Elles n’avaient plus croisé de troupes ennemies depuis un moment et même Anna avait finalement repris sa forme normale. Elle bâillait de plus en plus fréquemment et ses yeux peinaient à rester ouverts.

Seule Elisaveta était encore dans sa forme de combat afin de profiter de sa divination, mais sa respiration devenait de plus en plus lourde.

— On devrait faire une pause, proposa Anna. Tu dois être à bout.

— T’occupes pas de moi…

— Pourquoi ne le ferais-je pas ? Tu es mon amie, non ? De toute manière, ce n’est pas une situation qu’on pourra régler en quelques minutes. Dans notre état, le prochain combat sera le dernier.
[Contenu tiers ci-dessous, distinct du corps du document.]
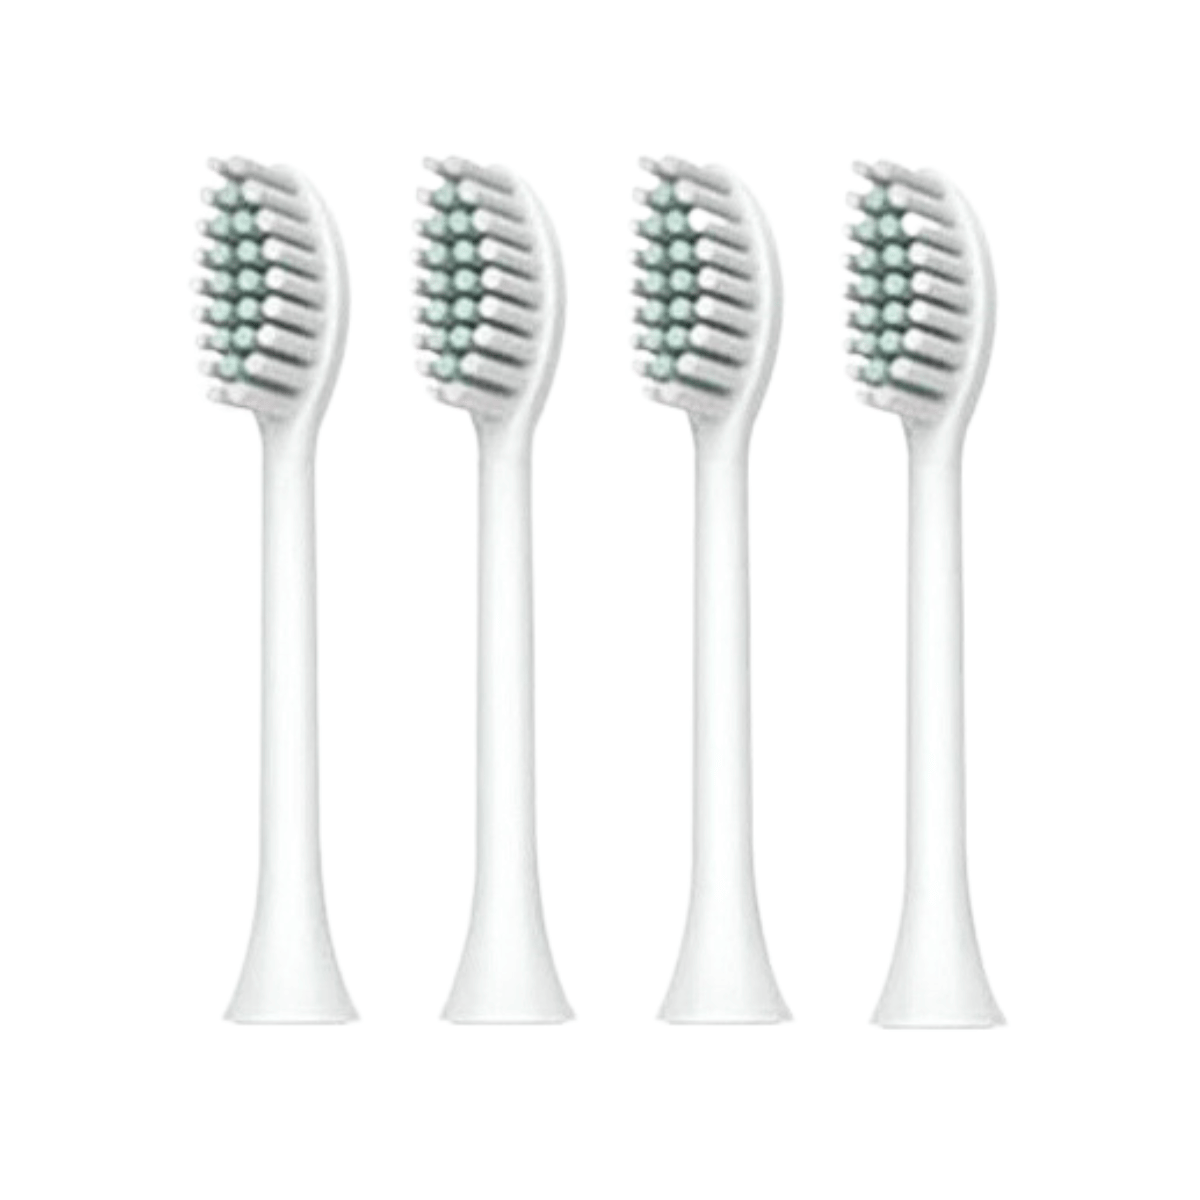 Attachment Heads (For Electric Toothbrush)

Il fallut quelques instants à la fière Elisaveta pour admettre la réalité :

— Tu as sûrement raison… Faisons une pause.

— Entendu.

Le tank décéléra, il roulait dans une vaste plaine enneigée et boueuse, mais on pouvait voir par intermittence des bâtiments en ruine.

— Je propose cette ancienne usine, elle devrait être assez grande pour y accueillir notre T-90.

— Aucun ennemi en vue. Pourquoi pas ? Han… han…

Le temps que le tank arrive dans l’usine, la respiration saccadée d’Elisaveta s’arrêta dans le communicateur. Anna comprit qu’elle s’était endormie malgré elle. Elle était la dernière consciente à bord.

Il ne fallut pas longtemps pour qu’Anna la rejoigne dans les bras de Morphée.

Le moteur s’arrêta de gronder. Les systèmes de ventilation également. Et les réparations de fortune disparurent faisant réapparaître la large entaille dans la tourelle. Au demeurant, le tank ressemblait à présent à une épave dans un bâtiment en ruine.

Après toute cette agitation, le T-90 et ses occupantes se fondirent dans le silence et l’immensité de la tundra enneigées.